10. A construct comprising: (i) a nucleic acid encoding a PEAMT polypeptide, a FATB polypeptide, or a LFY-like polypeptide; (ii) one or more control sequences capable of driving expression of the nucleic acid of (i); and optionally (iii) a transcription termination sequence, wherein: (a) said nucleic acid encodes a PEAMT polypeptide having at least 60% sequence identity to the amino acid sequence of SEQ ID NO: 58; (b) said nucleic acid encodes a FATB polypeptide having at least 60% sequence identity to the amino acid sequence of SEQ ID NO: 93; or (c) said nucleic acid encodes a LFY-like polypeptide having at least 60% sequence identity to the amino acid sequence of SEQ ID NO: 146.

11. The construct of claim 10, wherein one of said control sequences is a constitutive promoter, a GOS2 promoter, or a GOS2 promoter from rice.

12. A plant, plant part or plant cell comprising the construct of claim 10.

13. A method for making a plant having increased yield, increased biomass and/or increased seed yield relative to a control plant, comprising introducing into a plant, plant cell or plant part the construct of claim 10 and optionally selecting for a plant having increased yield, increased biomass and/or increased seed yield relative to a control plant.
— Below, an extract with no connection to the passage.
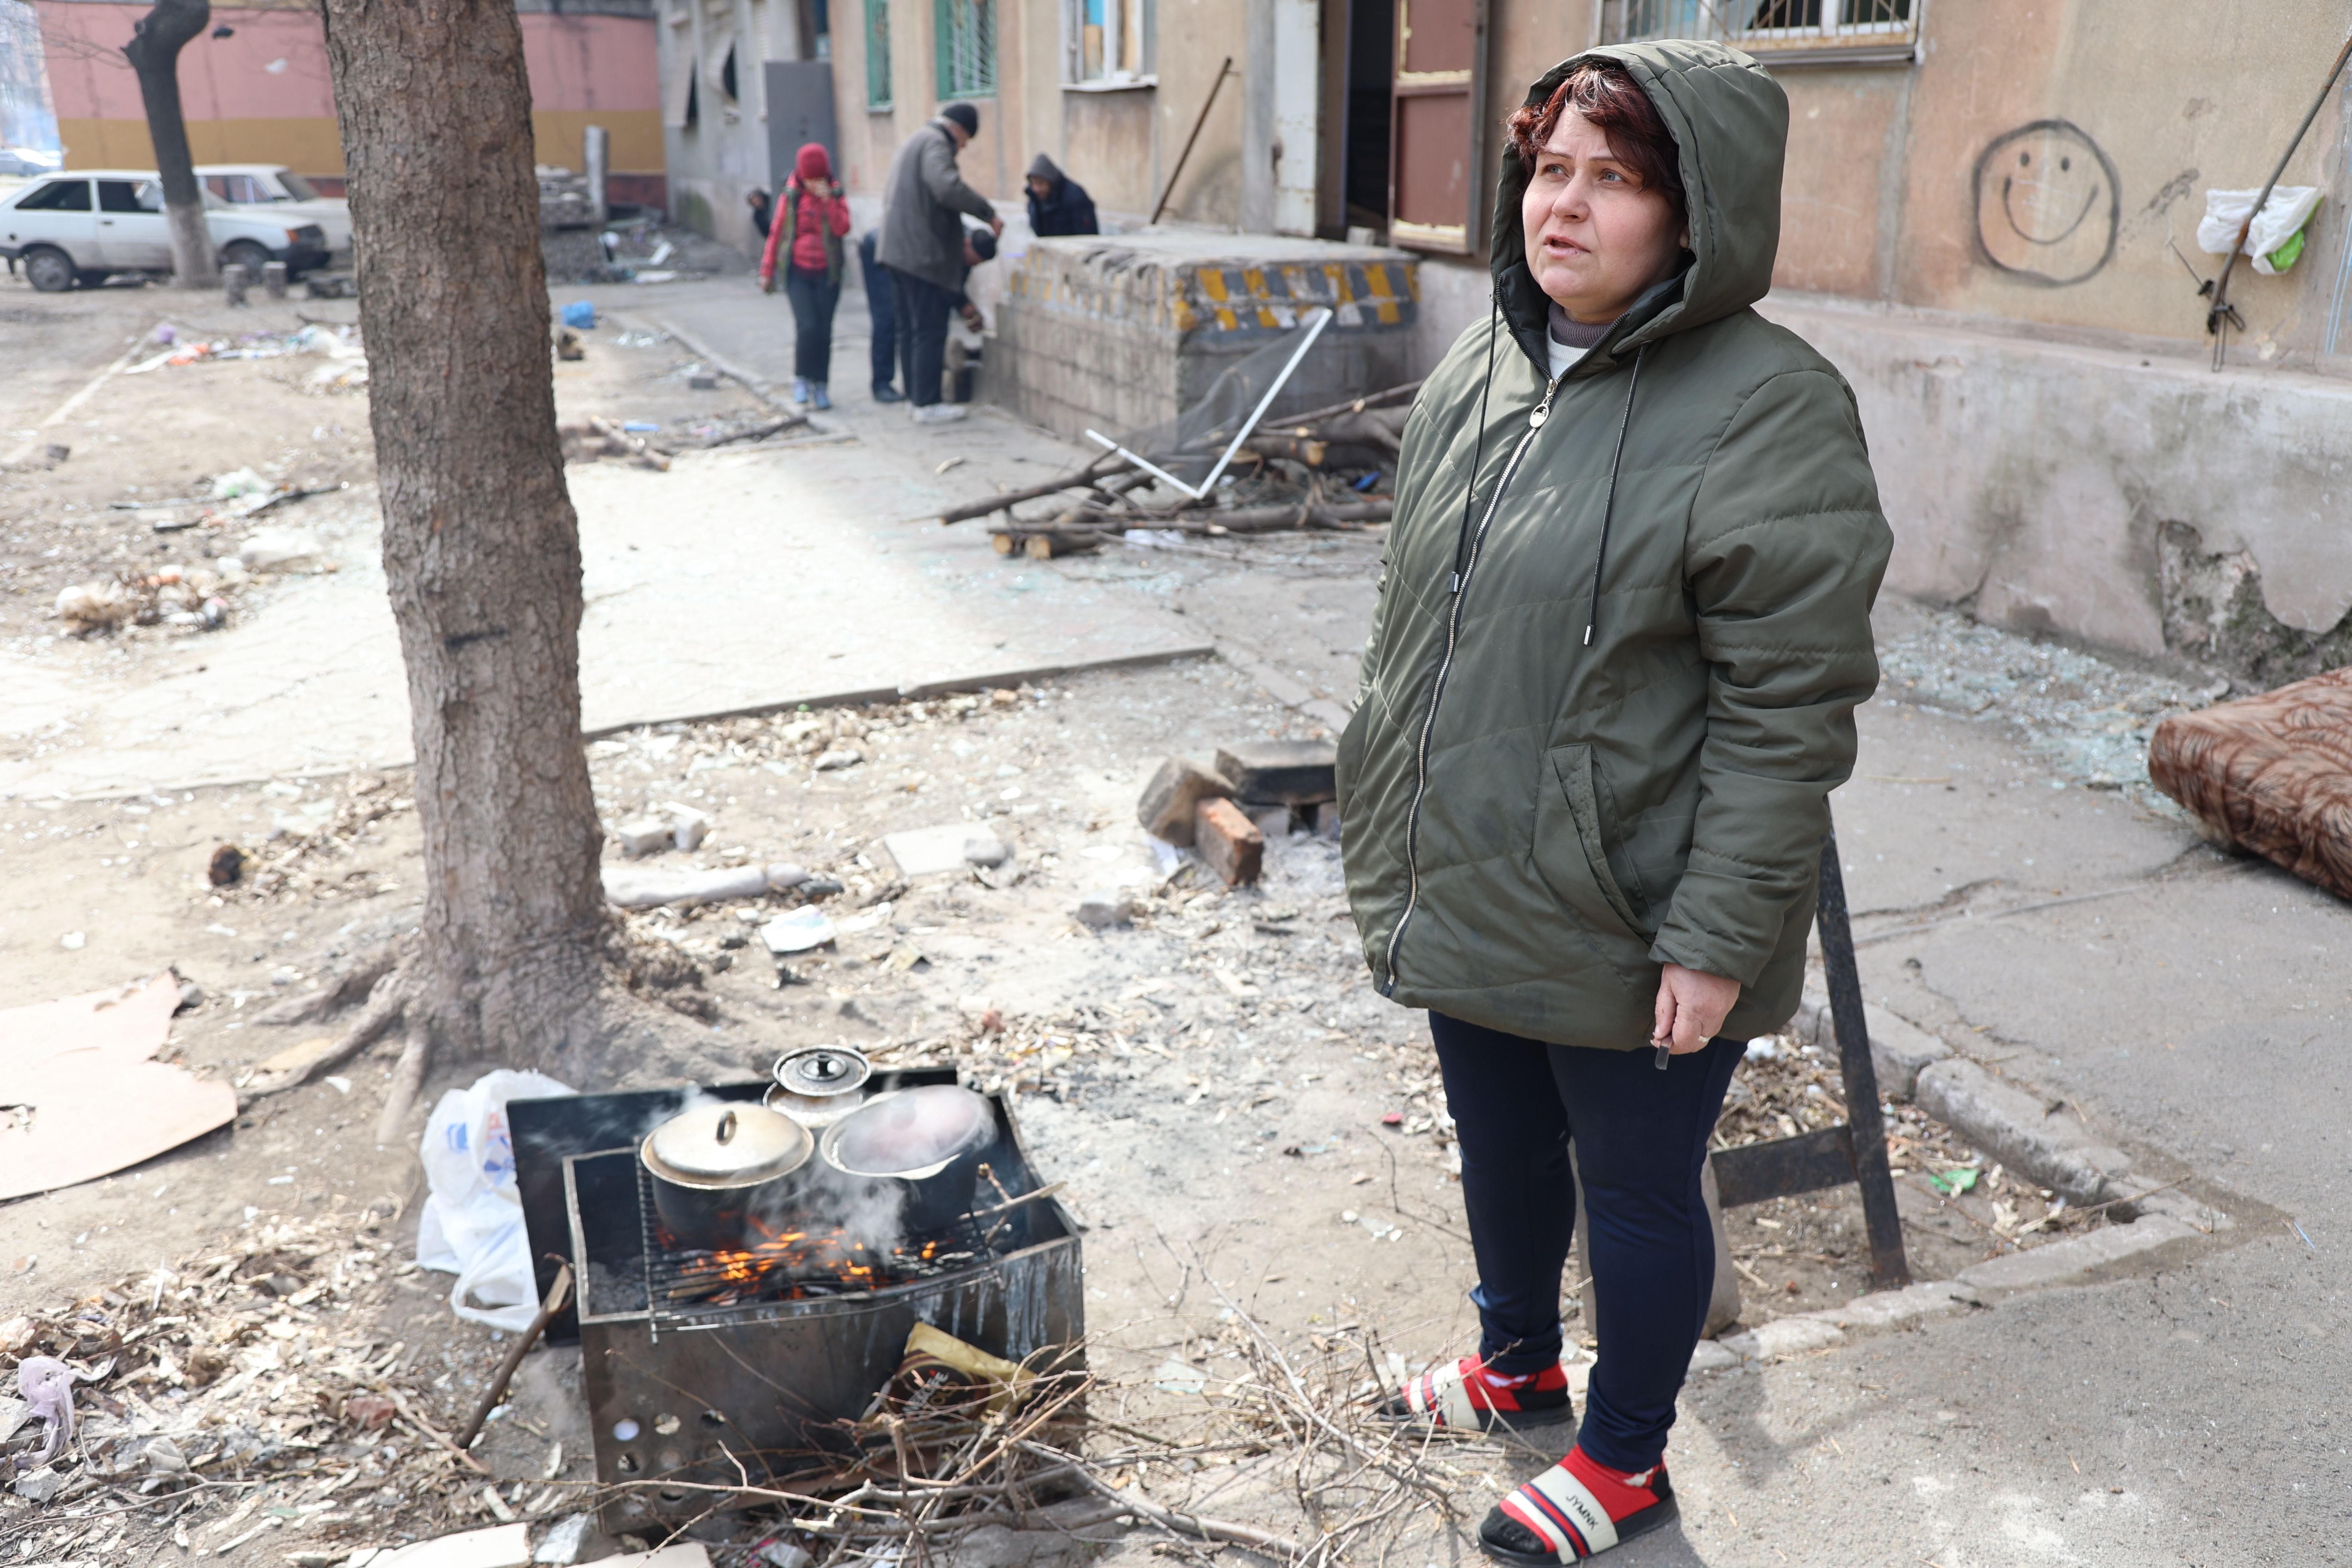 Civilians cook meal amid rubbles of apartment damaged by shelling in the Ukrainian city of Mariupol under the control of Russian military and pro-Russian separatists, on March 29.

14. A method for producing a transgenic plant having increased yield, increased biomass and/or increased seed yield relative to a control plant, comprising: (a) introducing and expressing in a plant or plant cell a nucleic acid encoding a PEAMT polypeptide, a FATB polypeptide, or a LFY-like polypeptide; (b) cultivating the plant or plant cell under conditions promoting plant growth and development; and (c) selecting for a transgenic plant having increased yield, increased biomass and/or increased seed yield relative to a control plant, wherein: (a) said nucleic acid encodes a PEAMT polypeptide having at least 60% sequence identity to the amino acid sequence of SEQ ID NO: 58; (b) said nucleic acid encodes a FATB polypeptide having at least 60% sequence identity to the amino acid sequence of SEQ ID NO: 93; or (c) said nucleic acid encodes a LFY-like polypeptide having at least 60% sequence identity to the amino acid sequence of SEQ ID NO: 146.

15. A transgenic plant obtained by the method of claim 14, wherein said plant has increased yield, increased biomass and/or increased seed yield relative to a control plant.
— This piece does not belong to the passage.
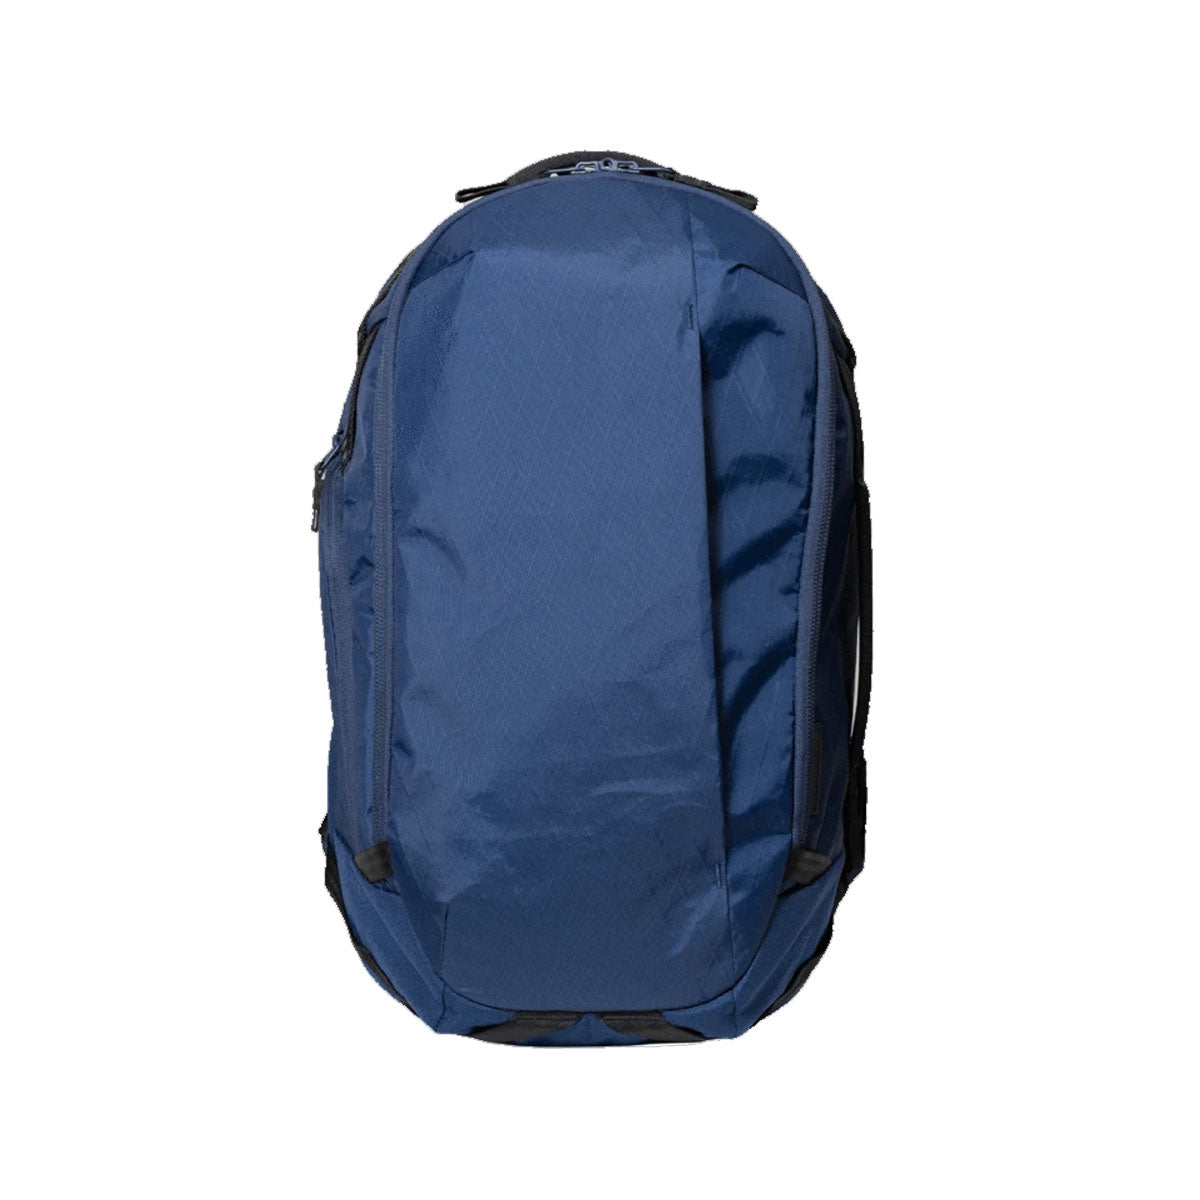 Able Carry : Max Backpack : Ocean Blue

16. A transgenic plant having increased yield, increased biomass and/or increased seed yield, relative to a control plant, resulting from increased expression of a nucleic acid encoding a PEAMT polypeptide, a FATB polypeptide, or a LFY-like polypeptide as defined in claim 1, or a transgenic plant cell derived from said transgenic plant.

17. The transgenic plant of claim 16, wherein said plant is a crop plant, a monocot or a cereal.
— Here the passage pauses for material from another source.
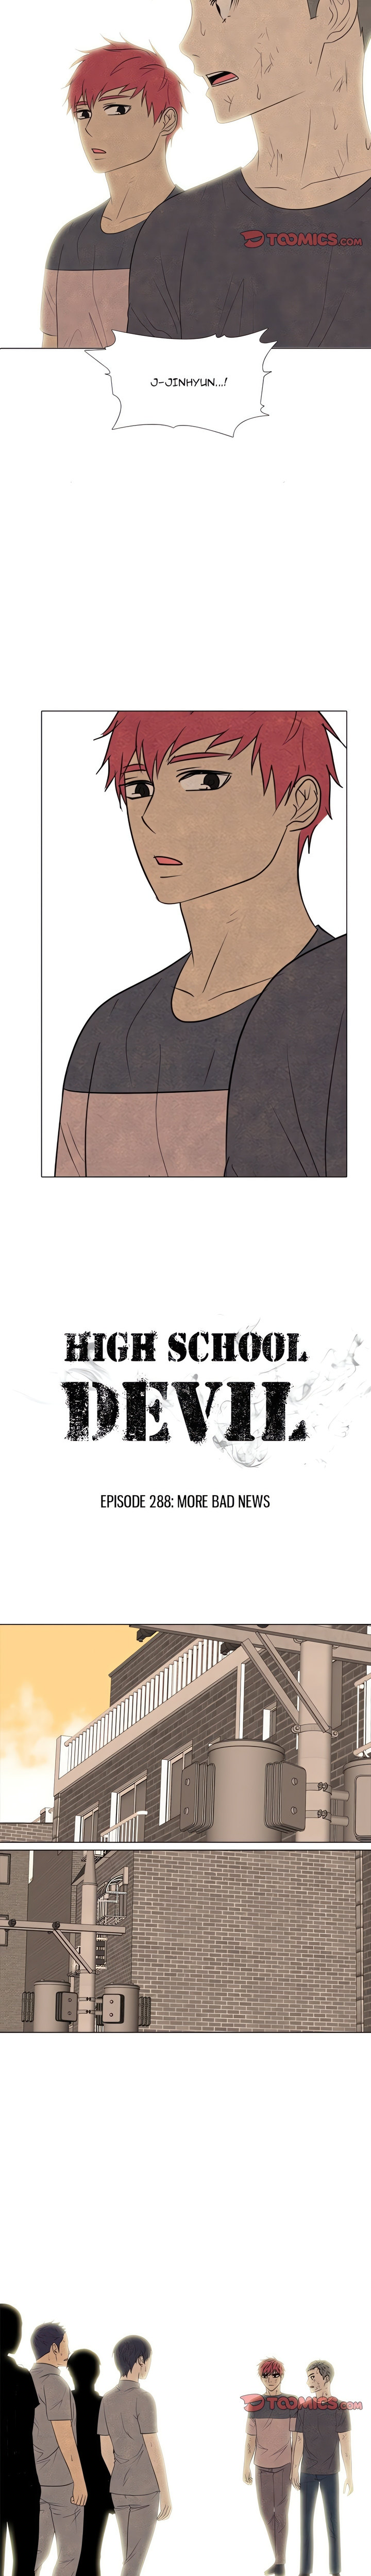 High School Devil - Chapter 288 Page 2

18. Harvestable parts of the transgenic plant of claim 16, wherein said harvestable parts comprise a recombinant nucleic acid encoding a PEAMT polypeptide, a FATB polypeptide, or a LFY-like polypeptide, and wherein said harvestable parts are preferably shoot biomass and/or seeds.

19. Products derived from the transgenic plant of claim 16 and/or from harvestable parts of said plant, wherein said products comprise a recombinant nucleic acid encoding a PEAMT polypeptide, a FATB polypeptide, or a LFY-like polypeptide.